Раз в неделю заключенным разрешали принимать посетителей, и не могу даже выразить, как сильно я ждал встречи с женой. До первого свидания я не понимал, при каких тягостных обстоятельствах будет происходить разговор, но довольно скоро понял, что наших тюремщиков будет озлоблять любое наше проявление радости. При первом визите жены я, ничего не подозревая, спросил, как поживает мой друг Гвоздев, и совершенно не понял ее замешательства. Она сделала едва заметный знак глазами, и, повернувшись, я увидел прапорщика, стоящего за моей спиной и открыто записывающего слово в слово в свой блокнот наш разговор. И только тогда я понял, как опасно упоминать любые имена. Я ужаснулся своей неумышленной неосторожности и пришел в такое замешательство, что вскочил, покинул жену и поспешно вернулся в камеру.
Жизнь в тюрьме тянулась однообразно, так как мы не только были изолированы друг от друга и, конечно, не могли обмениваться мыслями, но у нас не было книг и газет и, следовательно, никакой возможности заниматься умственной деятельностью. Вместе с тем мы были постоянно голодны, так как еды, выдаваемой нам по распоряжению новых тюремных властей, было совершенно недостаточно. Единственным нашим развлечением, если его можно так назвать, были допросы, которым мы подвергались в Чрезвычайной комиссии, занятой расследованием «преступлений», совершенных различными чиновниками при старом порядке.

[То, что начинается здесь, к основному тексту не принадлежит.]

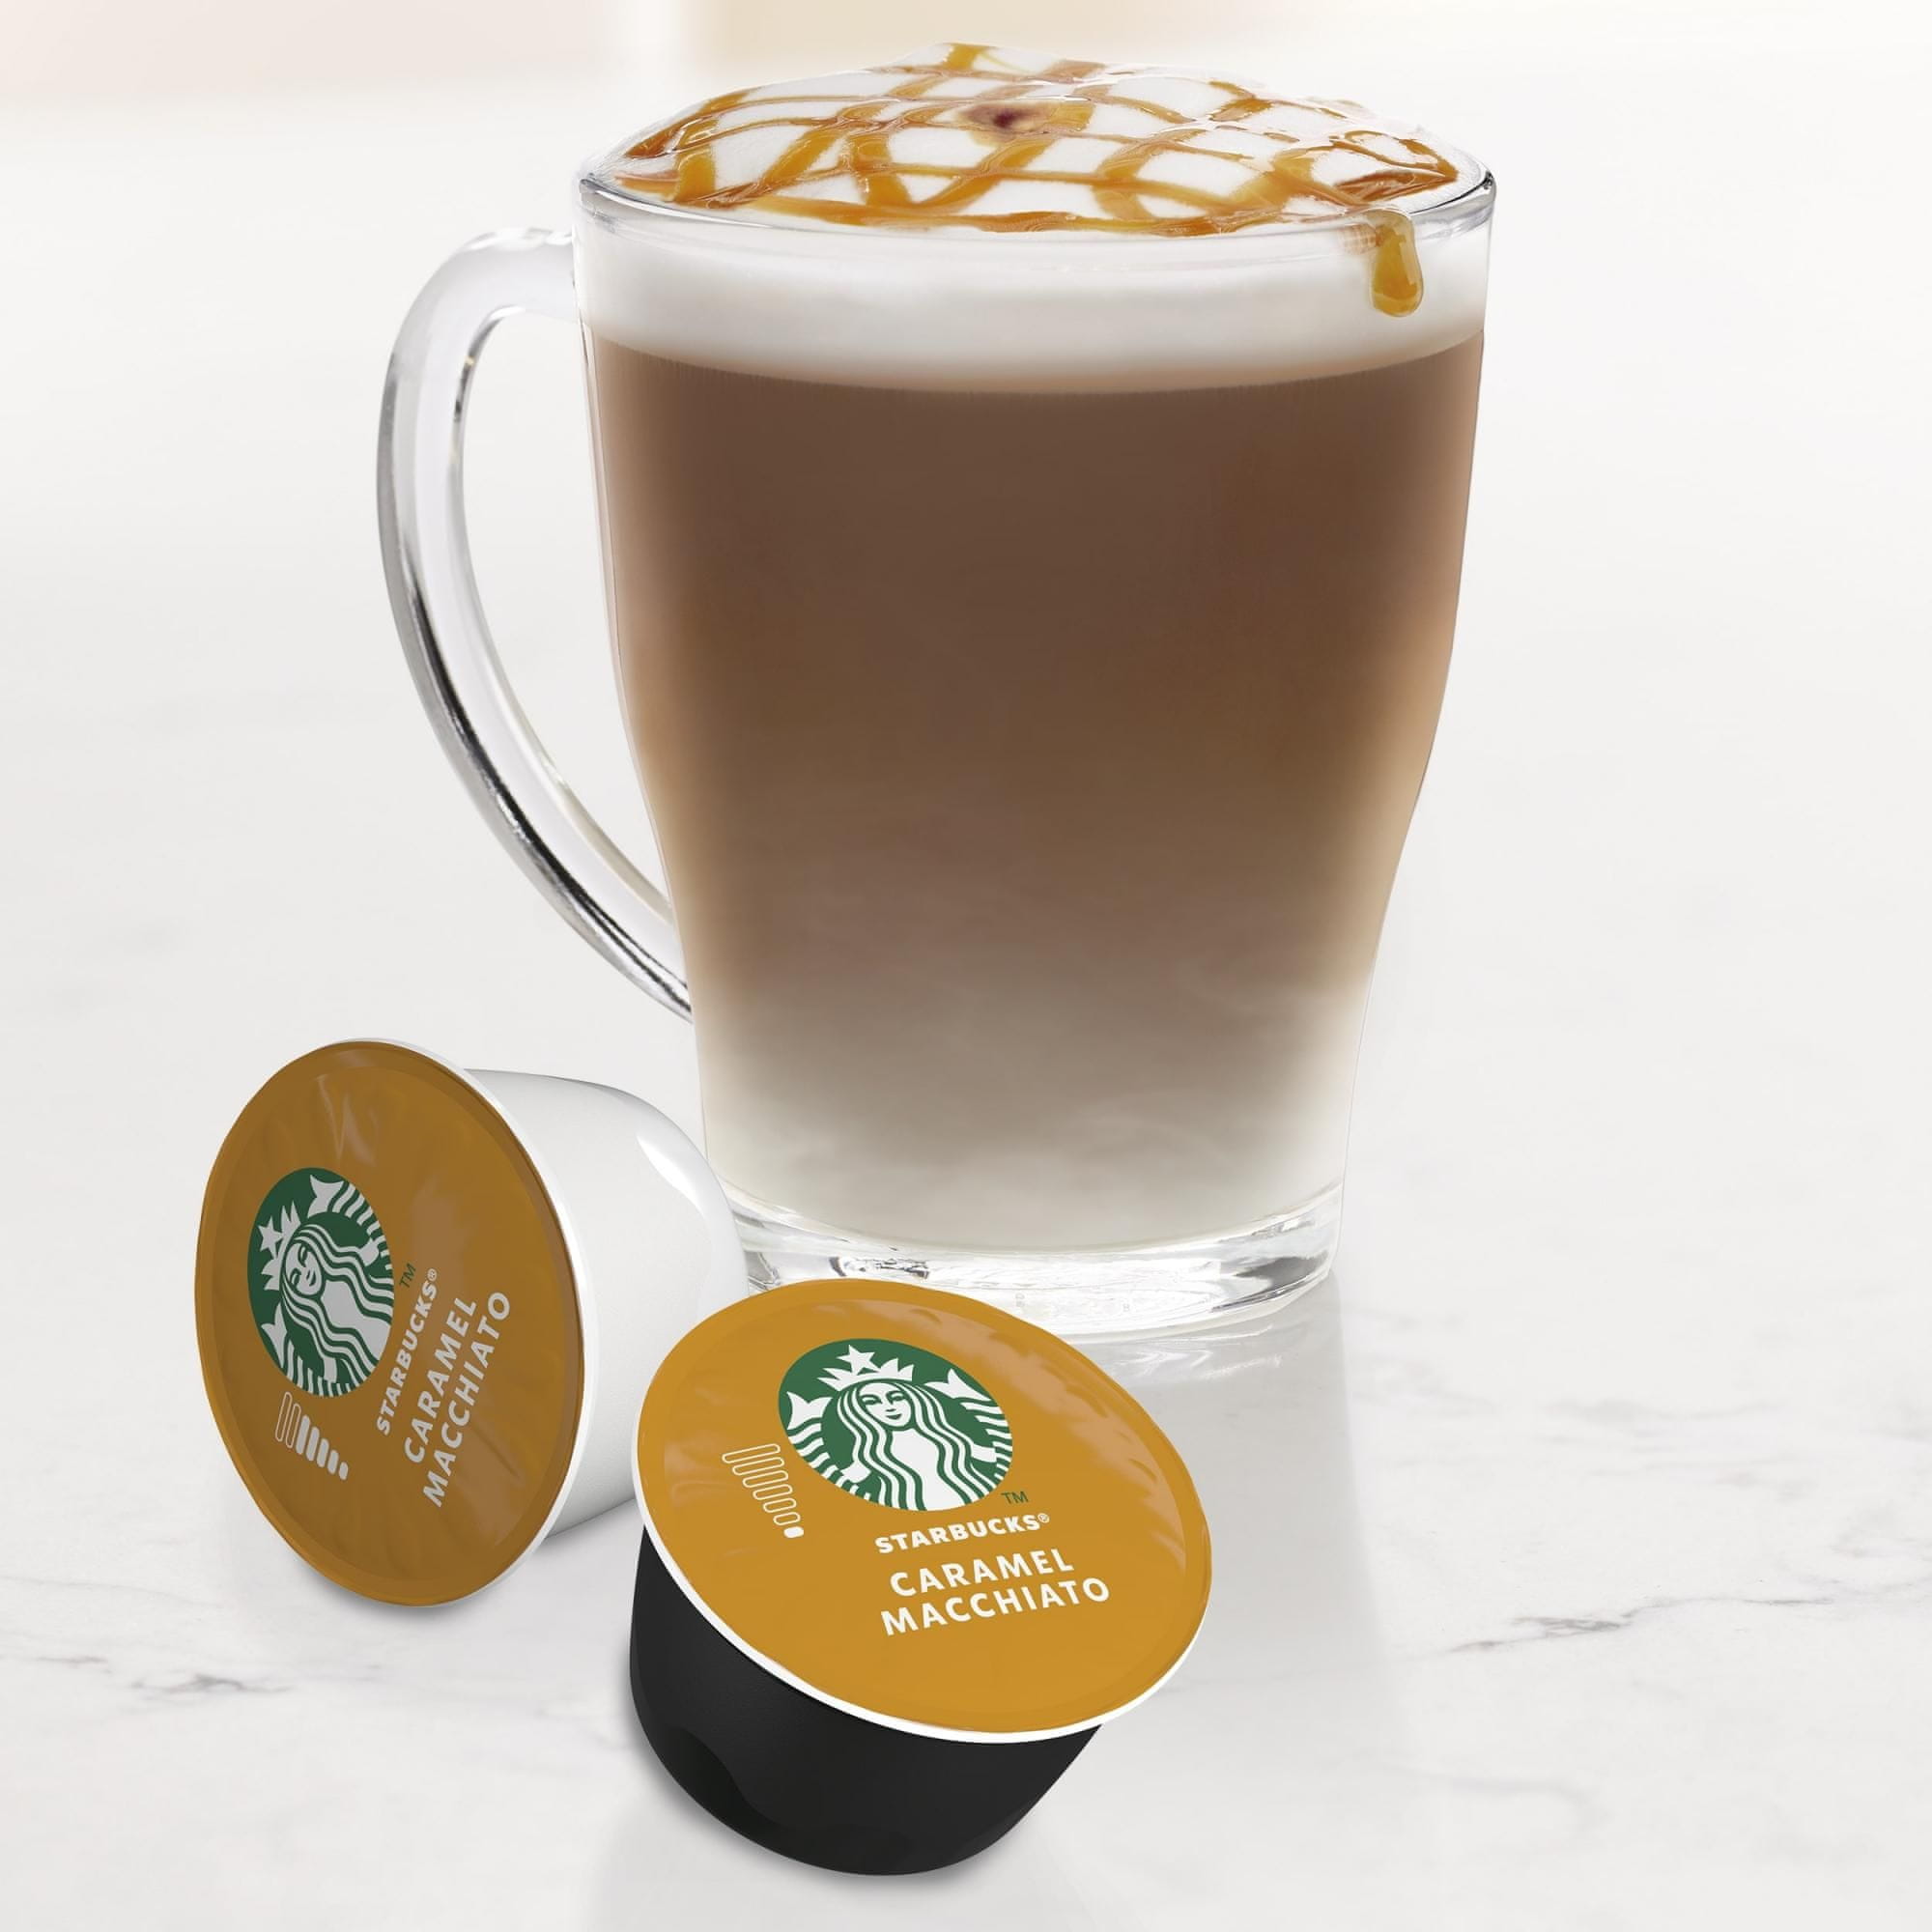 Starbucks by Nescafé Dolce Gusto Latte Macchiato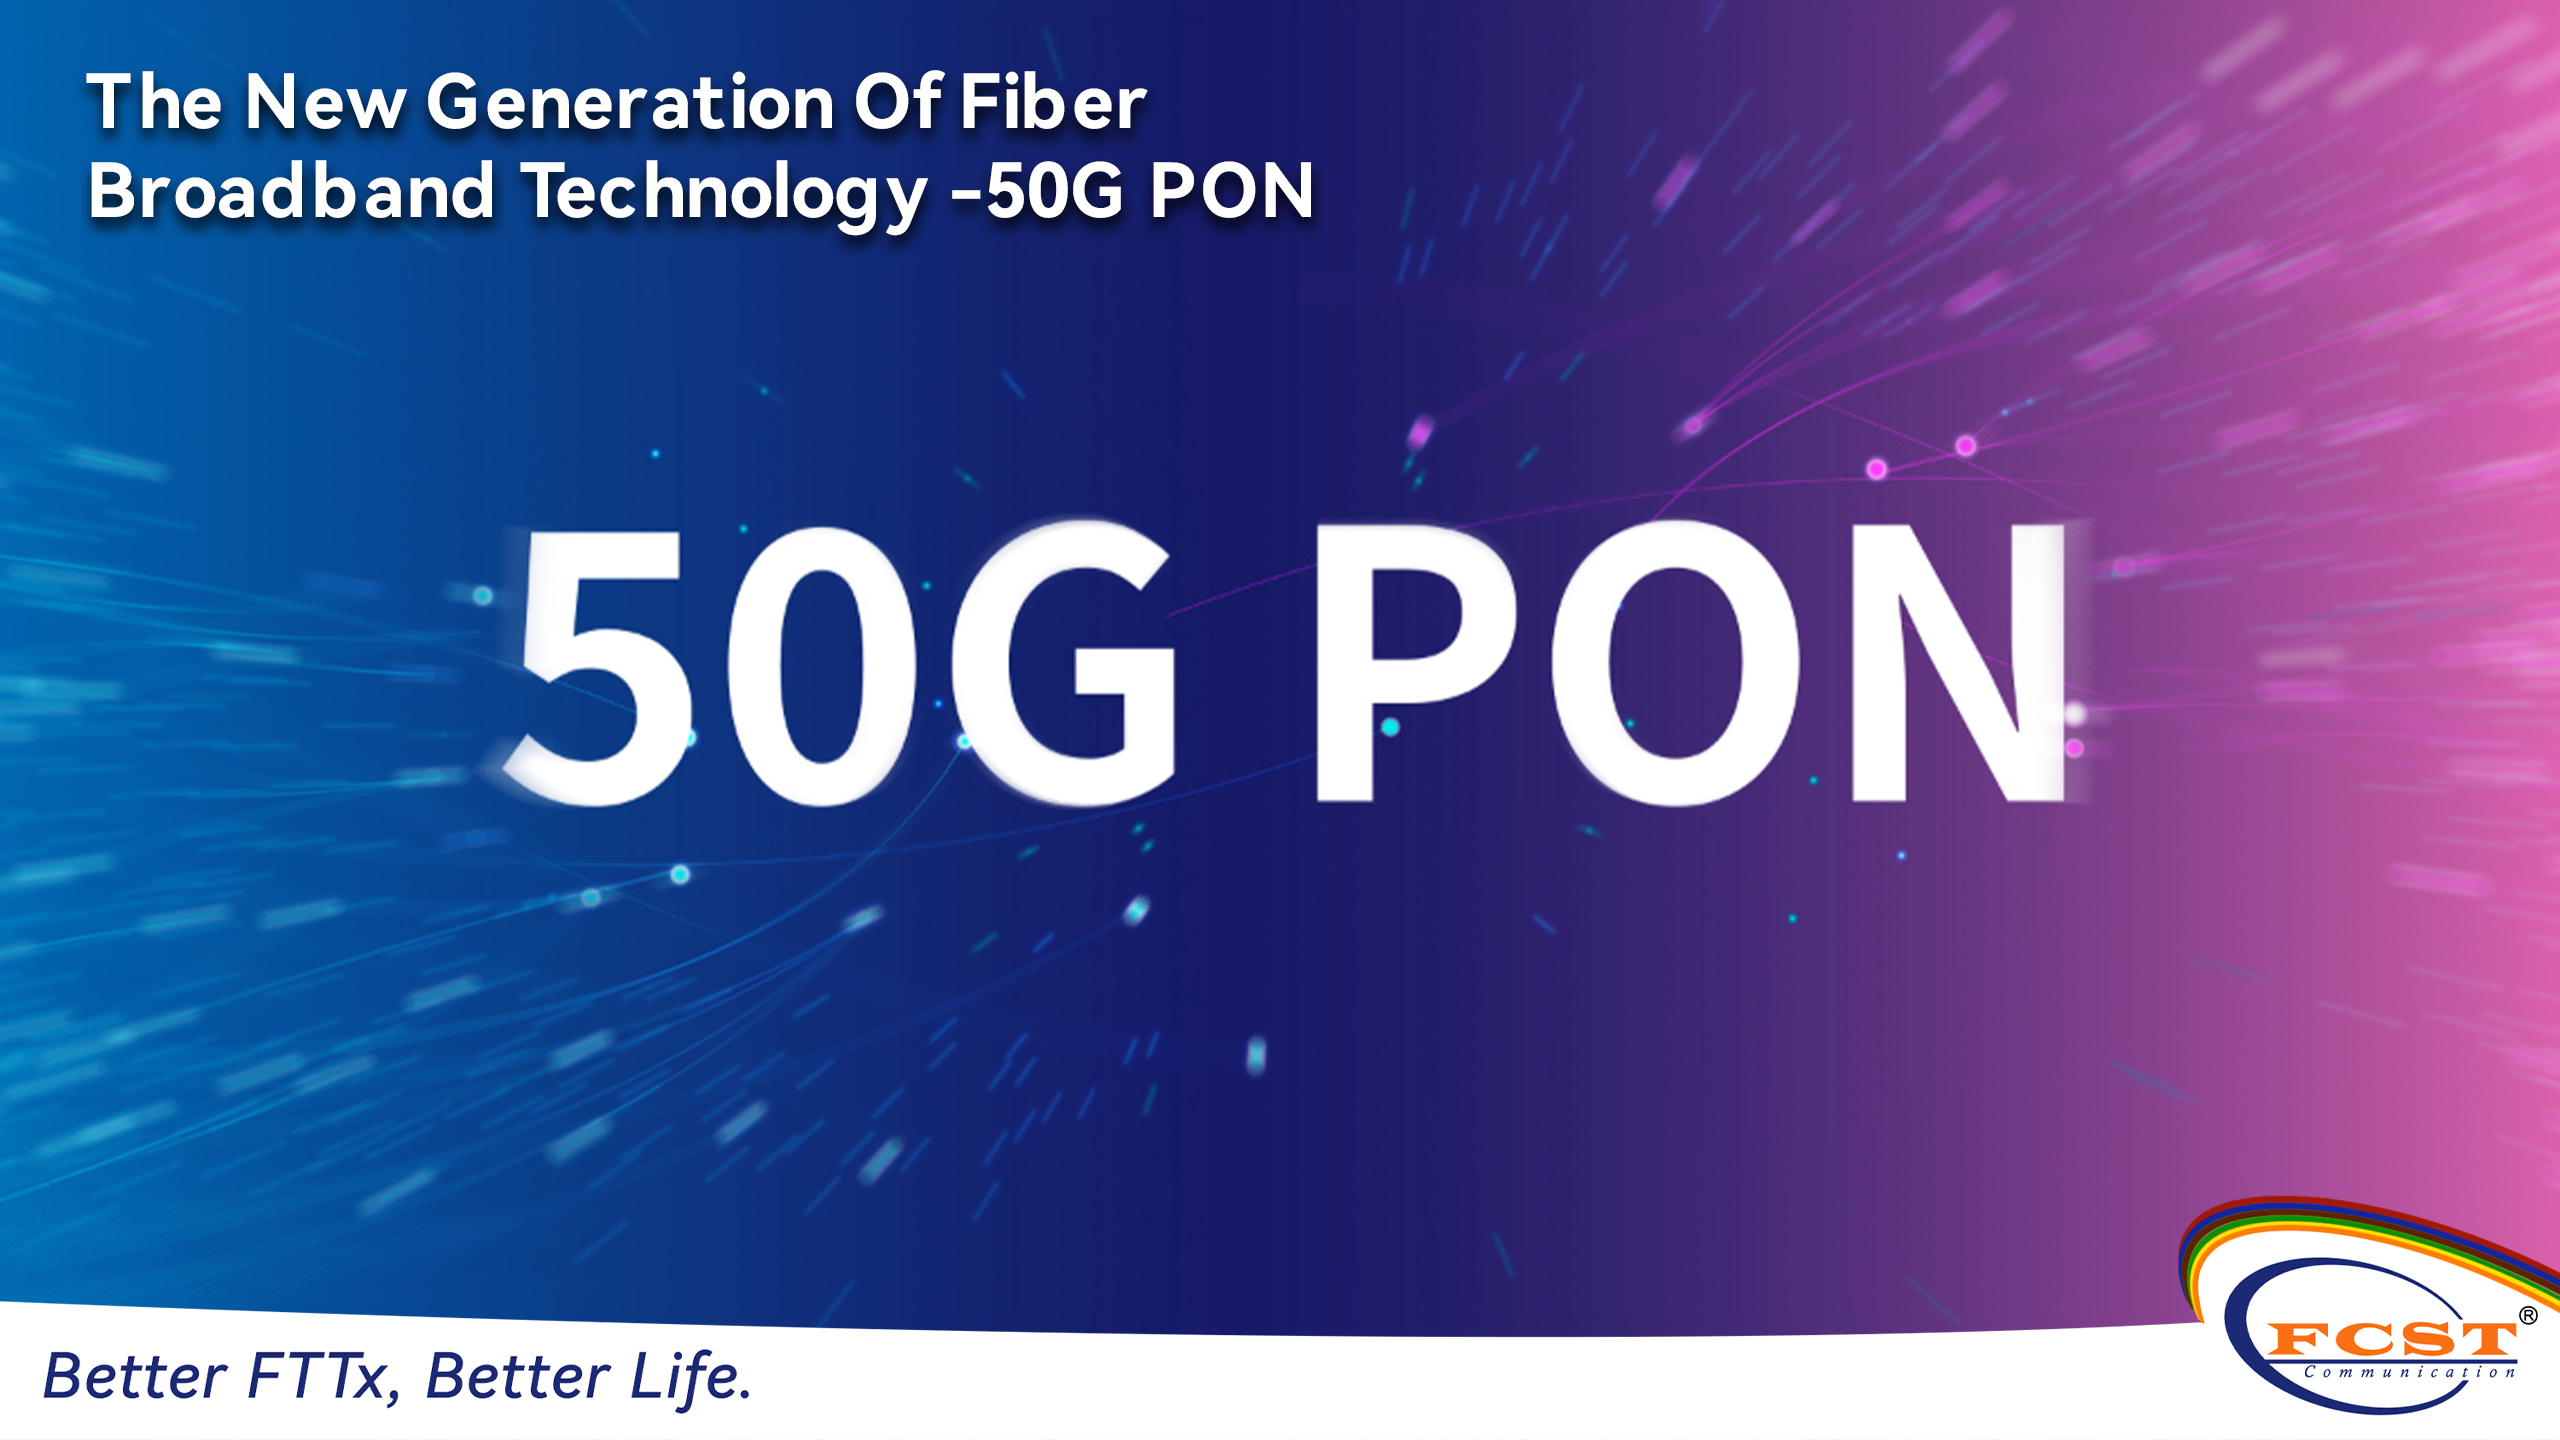 La nouvelle génération de technologie haut débit fibre - 50G PON

Беспомощность, с которой комиссия выполняла свою работу, была бы довольно забавной, если бы обсуждаемые темы не были так важны и если бы, по крайней мере, комиссия не решала мою судьбу, которая полностью находилась в ее власти. Сначала нас подробно допросили обо всех мельчайших деталях нашей прежней службы; но, очевидно, это не дало ничего, что наши следователи могли бы использовать, потому нам приказали записать свои собственные показания, указав все действия, совершенные нами «против интересов народа». Мне, например, предложили дать отчет обо всех мерах, предпринятых мной для подавления революционного движения, о моем образе действий в еврейском вопросе и о разных других вопросах, с которыми я имел дело по должности. Складывалось впечатление, что новые власти, которые при каждом удобном случае так много говорили народу о «преступлениях» царских чиновников, на самом деле не имели представления, в каких же преступлениях нас обвинить. И теперь они надеялись, что наши показания помогут найти улики, позволяющие призвать нас к ответу.